Even so, she DID leave a telepathic message in the staff for someone to find and hear, which was what I was focusing on

Yes but that's hardly if at all comparable to Arthurian myth where Excalibur is literally predestined by the Lady. This would be like if the Lady dropped the sword, Arthur found it, then she took it back from him right before the big battle with Mordred or some such lol. It is still very much a stretch, especially because again - Krystal was never meant to lose her staff in the first place back with Dinosaur Planet 64.

On 9/3/2017 at 11:17 AM, Meiryu no Shugan said:

You have a point about Command, but I didn't mention Assault.

I only mentioned it in the context that of the three games Krystal featured in, two were Japanese made.

On 9/3/2017 at 11:17 AM, Meiryu no Shugan said:

I wasn't praising the game, I was talking about certain things in the plot that I noticed and was intrigued by.
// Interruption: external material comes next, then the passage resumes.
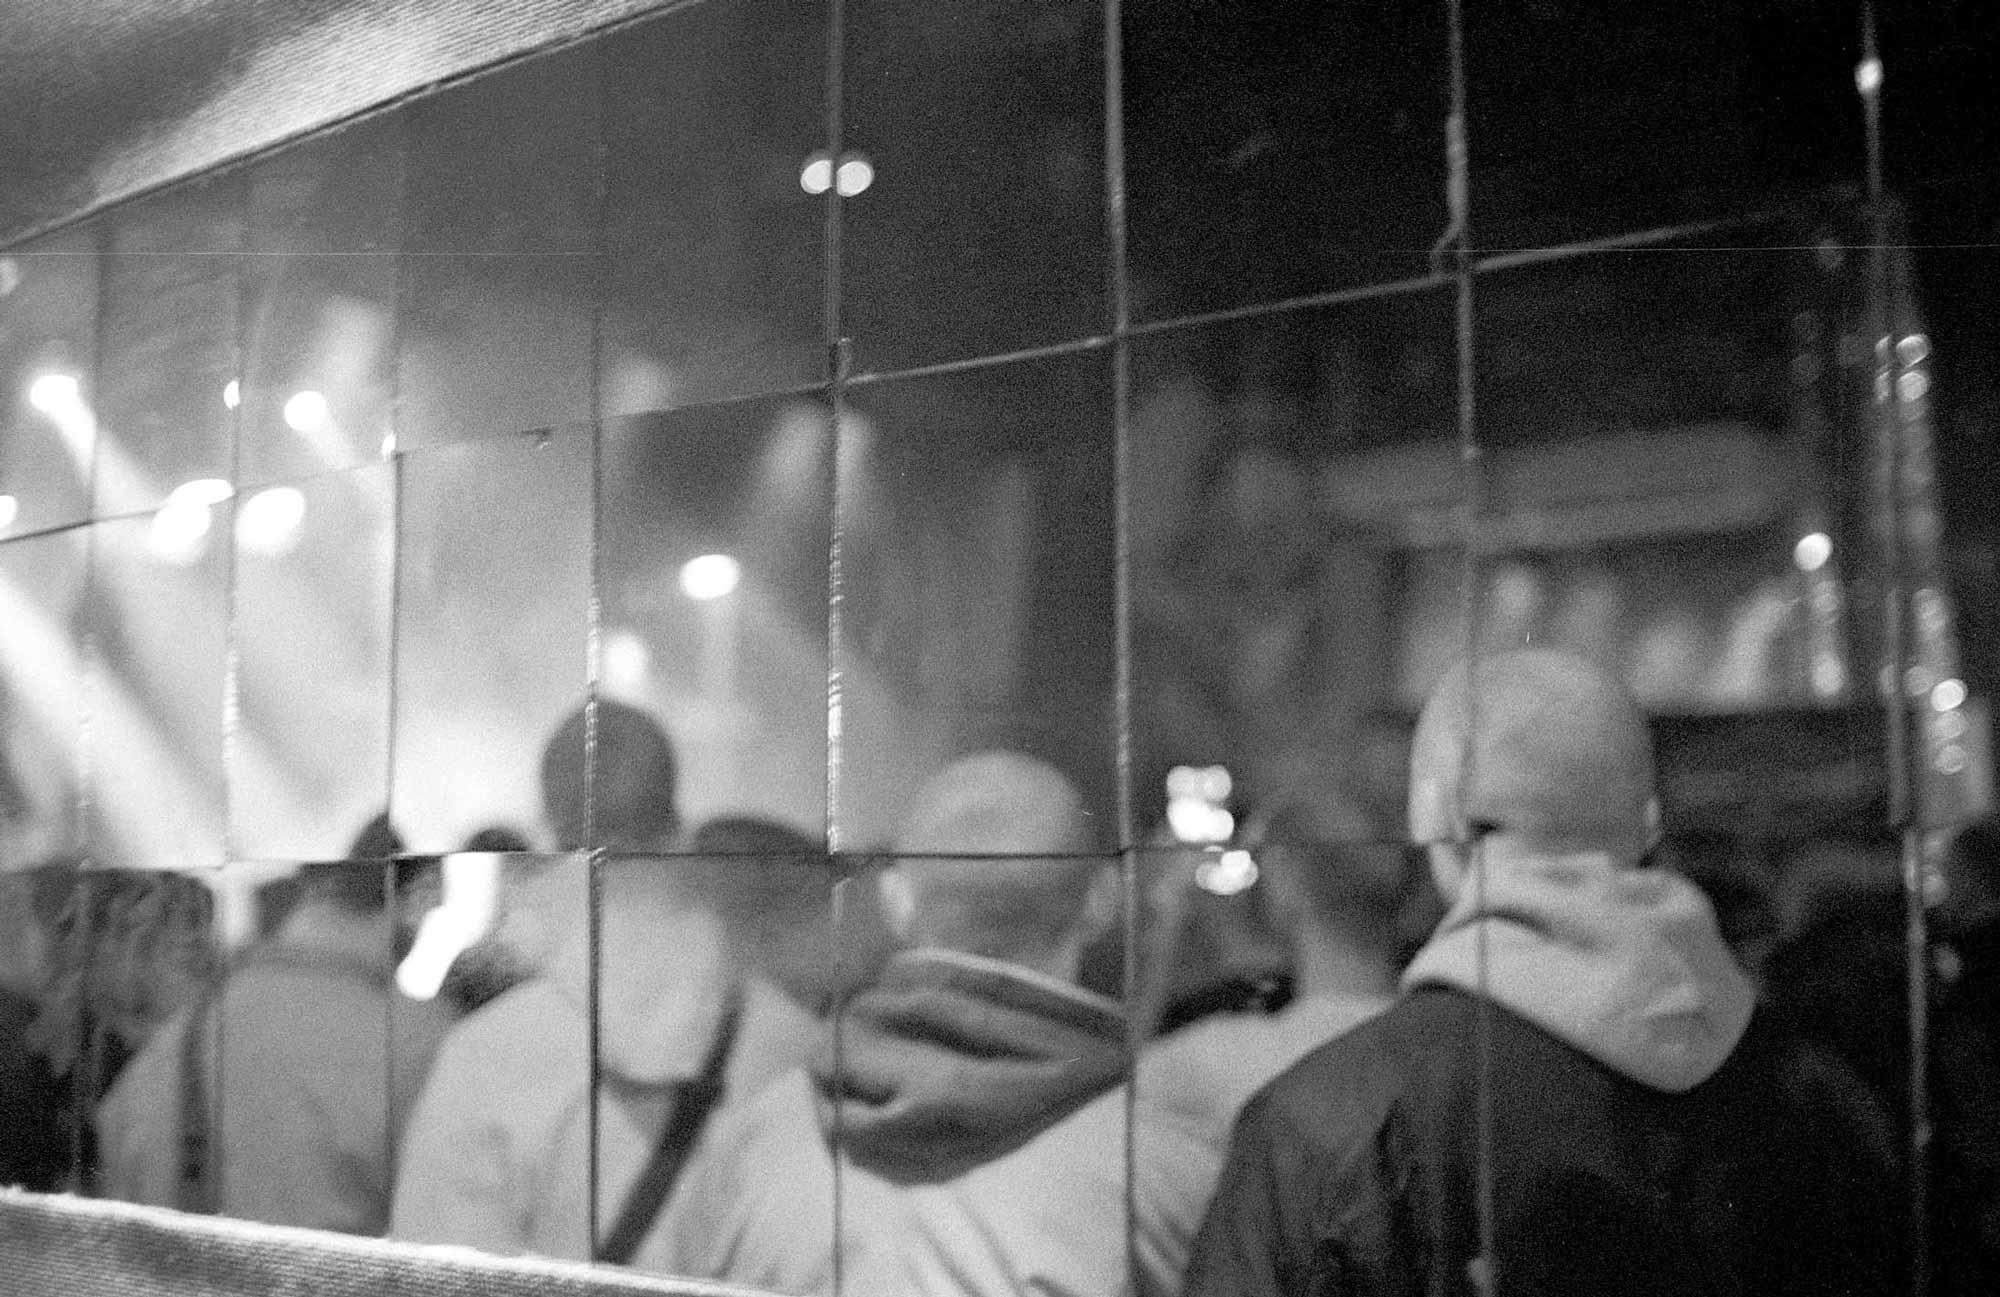 2020 12 15 0006 web 1 - <b>«Молот Гітлера» в колишньому гей-клубі.</b> Фоторепортаж Заборони з поясненням, чому це важливо - Заборона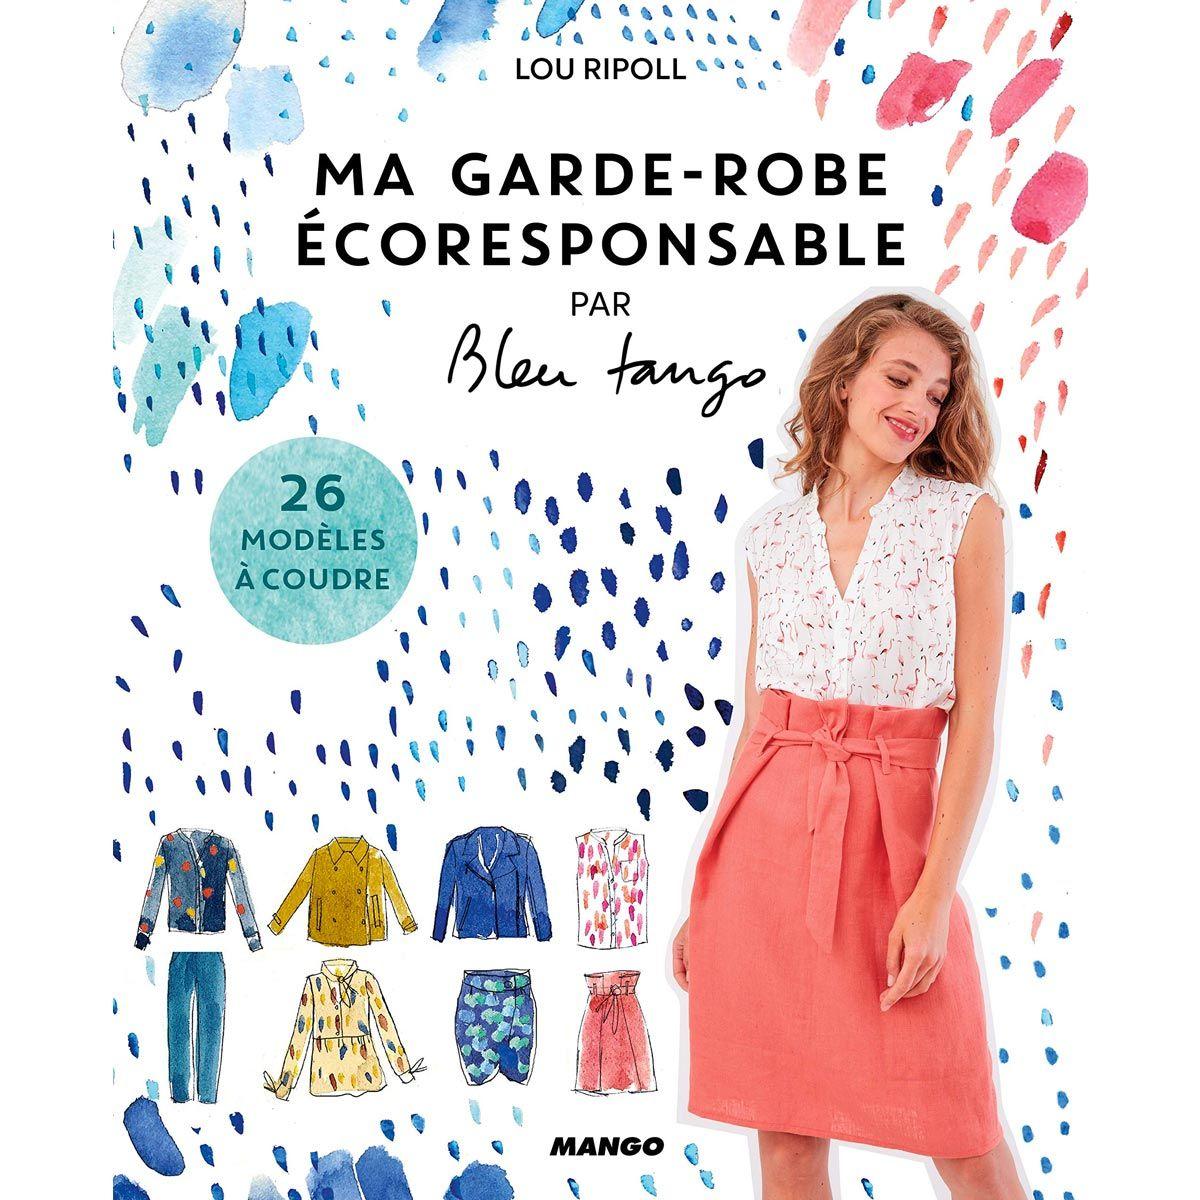 Livre ma garde-robe ecoresponsable - 26 modèles à coudre

Thank you, once more, for pointing out my errors, and giving me the opportunity to explain myself better.

I never said you were lol, just pointing out that Adventures as a product was far too rushed and unfinished on release for us to really consider any of its concepts terribly deep or inspired by myth. 

11 hours ago, Meiryu no Shugan said:

Indeed it would, but let's not go so far as to call Zero "bad."

That's just what Commander D does, crams in excuses to complain about Zero in any given topic no matter how unrelated :V Just ignore him when he does that.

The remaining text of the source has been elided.